Culture clash on the way to work

April 30, 1999

David Blunkett's proposals ("Make work part of study, THES, April 23) that humanities students should undertake work experience and a module "related to enterprise, work and the potential for creativity" are good so far as they go. They do not, however, address what he correctly identifies as the gap between universities and the world of work.

This is a gap between cultures. The world of humanities faculties is a world of "the word". It is a world in which the goal is to persuade others, and the test of validity is "plausibility", which rests on an appeal to intuition. The mode of learning is reflective, and writers and teachers are interposed between student and raw material. There is a huge emphasis on individual learning and achievement.

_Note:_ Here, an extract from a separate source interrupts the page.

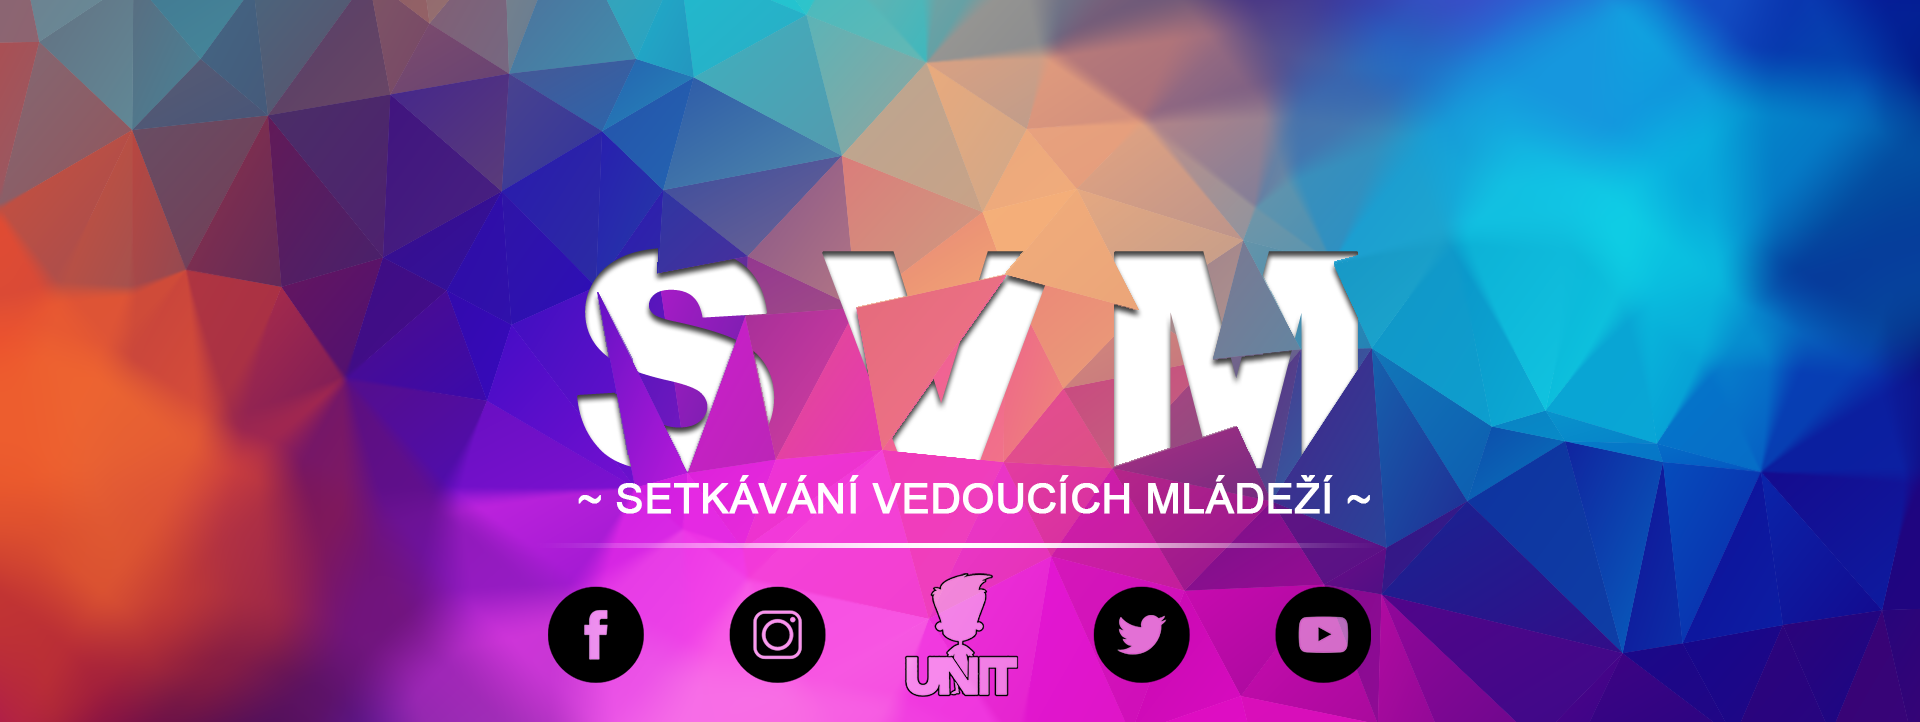 svm-banner

In the world of work, people have to focus on issues, the goal is to find a solution to a problem, and the test of validity is "Can we do it?" "Will it work?" "Will it sell?" The mode of learning is in essence experiential and entrepreneurial. You face the problem at first hand, you work in teams, and you communicate by sharing knowledge and experiences with colleagues.

To bridge this gap, what is needed is a far-ranging shake-up of the academic culture. It needs to become one in which, among other things, value is place on expertise, not just publications, in which academics emphasise methodology of inquiry in day-to-day teaching and experiment with approaches such as problem-based learning, and in which students work in teams.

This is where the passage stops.